From foxbusiness.com:
Gene Kessler, 67, may be the new face of mortgage default. The tech industry retiree is in the process of walking away from the home he purchased for $166,000 in 2004 in a small town 75 miles southwest of Minneapolis.
Its value has plummeted to $111,000, wiping out Kessler’s $45,000 down payment and leaving him with a mortgage that’s more than the home is worth. He stopped paying the loan six months ago, and estimates he’ll have to vacate by March 2012.
But Kessler isn’t in financial trouble, and he could afford the monthly payments. He has no other debts and two pensions from former employers, as well as Social Security. He also has a woodworking hobby, and runs a small business selling the artisan lamps he makes in galleries. He’s single now, and his two children are grown and gone.
“I was looking for a way to get back to a larger city, and this was the only way I could get out of this house,” says Kessler, who paid $800 to YouWalkAway.com to help guide him through the process known as strategic default. He’s anticipating a move to a warmer climate and a more active art and dating scene in Santa Fe, N.M.
There’s no data on the demographics or financial histories of the people receiving recent default notices. But among them are some homeowners who have never defaulted on a loan before, at least according to one poll. YouWalkAway.com surveyed several hundred of its clients earlier this year, and just 23% said they had previously shirked a financial obligation.
“The people we are now seeing are nearing retirement age, who never missed a payment on anything in their lives,” says Jon Maddux, co-founder and CEO of the Carlsbad, Calif., firm. “They are trapped. They can’t sell or get a modification and they need to downsize or move for a job.”
Attitudes toward default have also shifted, Maddux says. “Back in 2008 people were very emotional, very scared, in disbelief or denial,” he says. “Now they are simply fed up. It’s a very calculated, black-and-white business decision. People feel very relieved.”
A more widespread understanding of the consequences of default may be a factor, says Brent White, a University of Arizona law professor and author of Underwater Home.

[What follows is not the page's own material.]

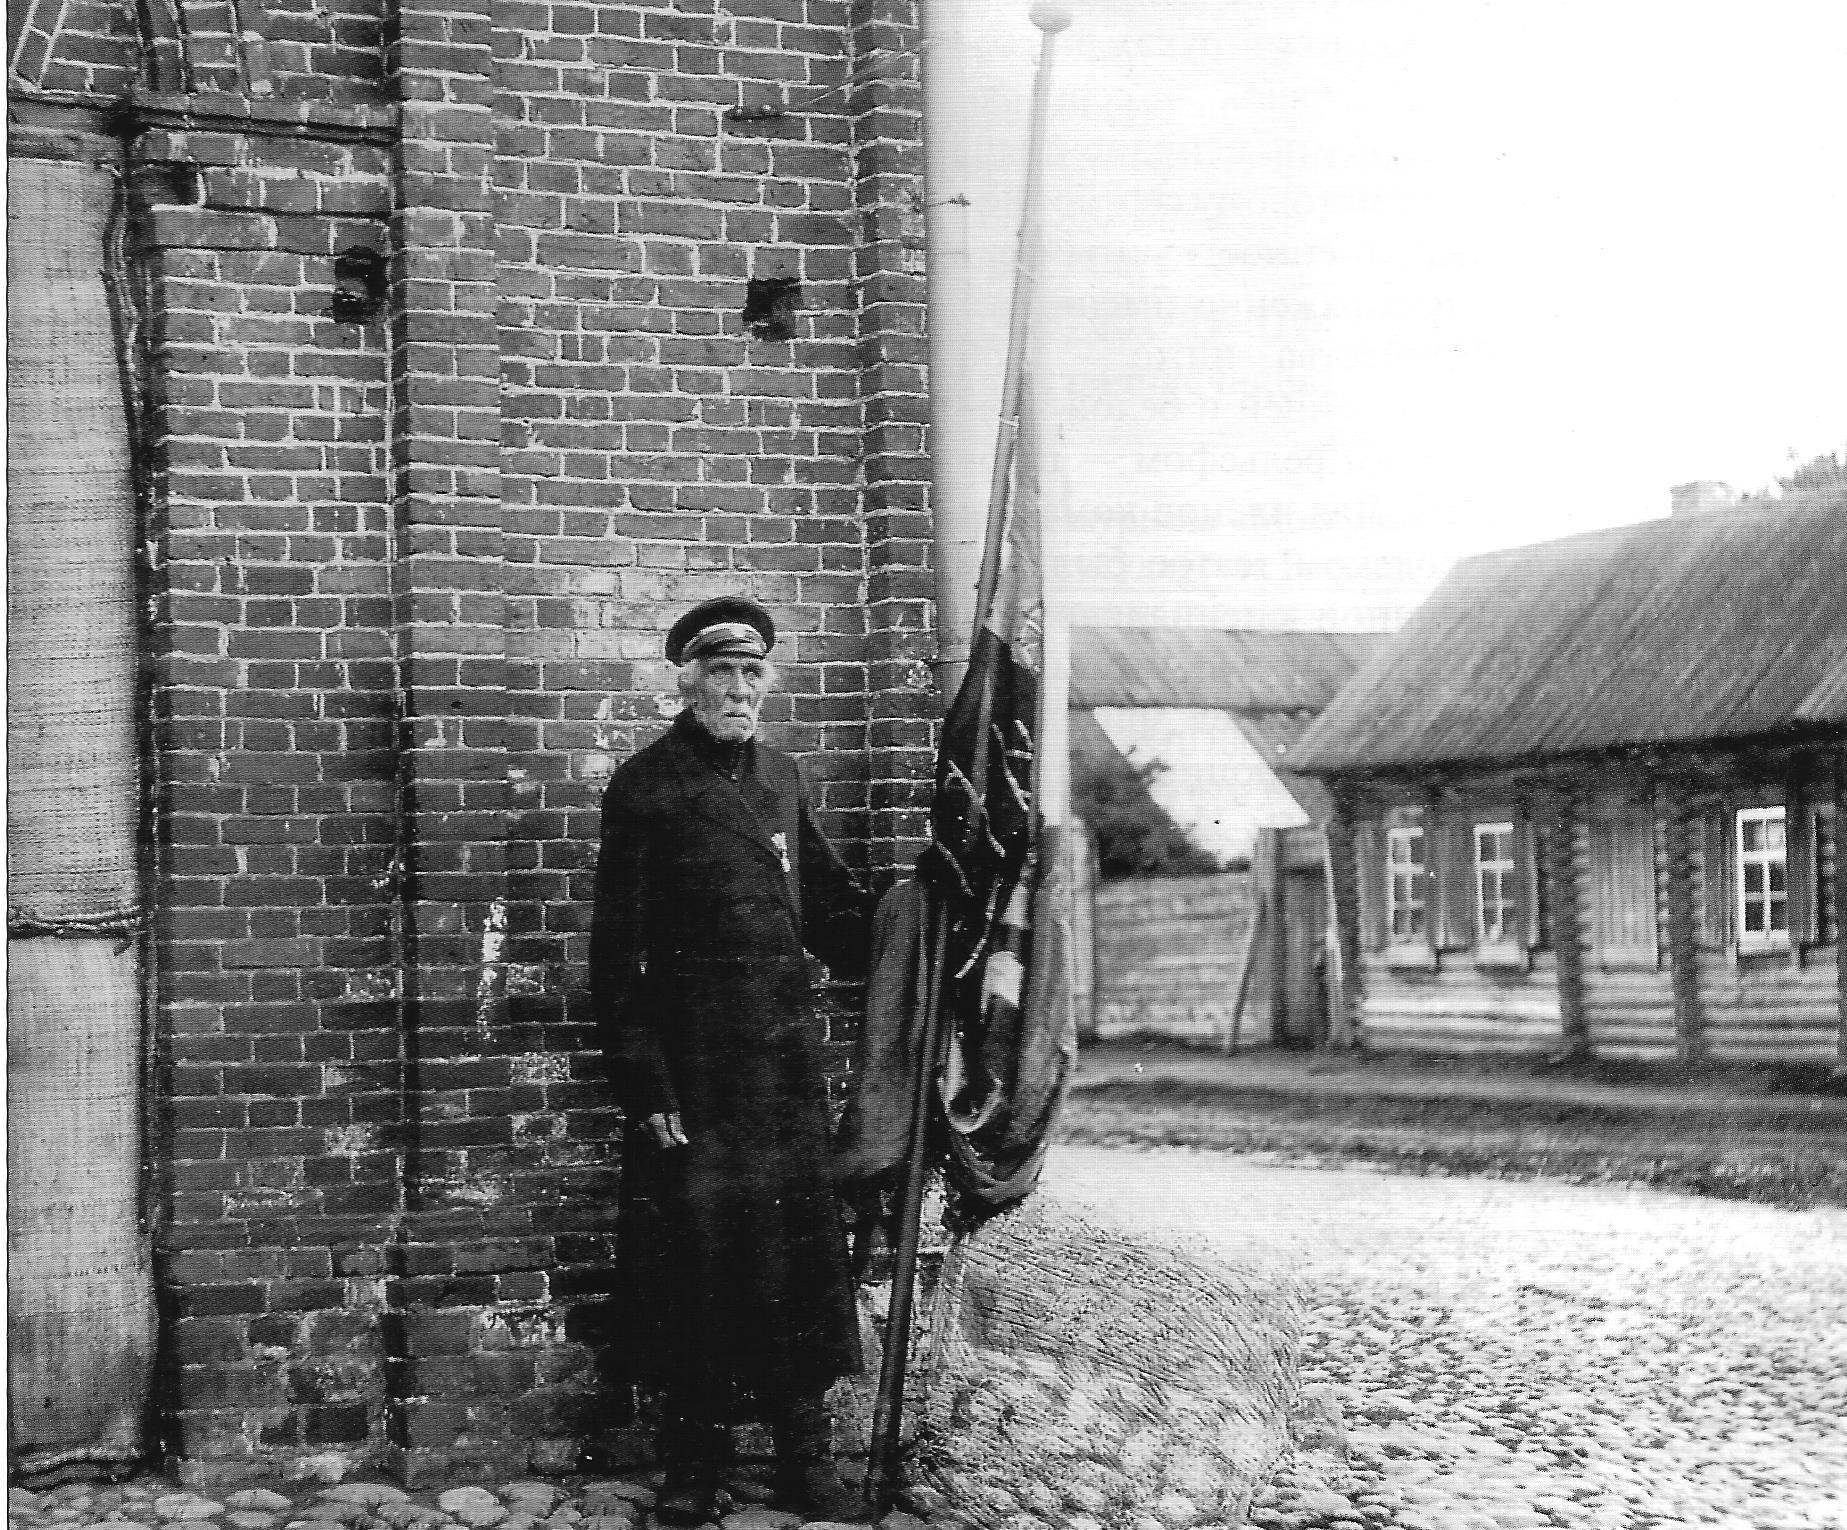 Старейший член пожарной команды И.Е. Кошкин у знамени. 1893

“The conventional wisdom is you are ruined and are not going to recover,” says White, who wrote a widely circulated discussion paper on the topic. But in so-called “non-recourse” states such as California, the bank can only foreclose on the property and resell it. If the price is less than the amount owed on the mortgage, the lender can’t sue the homeowner to recoup the shortfall, says White.
White says underwater homeowners should figure out if they are paying substantially more to own a house on a monthly basis than they would pay to rent a similar property. “Even if you are thousands of dollars underwater, if you are paying the same as you would to rent, you don’t gain that much financially by defaulting,” he says. (The survey by YouWalkAway.com found a quarter of respondents saved 50% or more on housing expenses when they rented after their default.)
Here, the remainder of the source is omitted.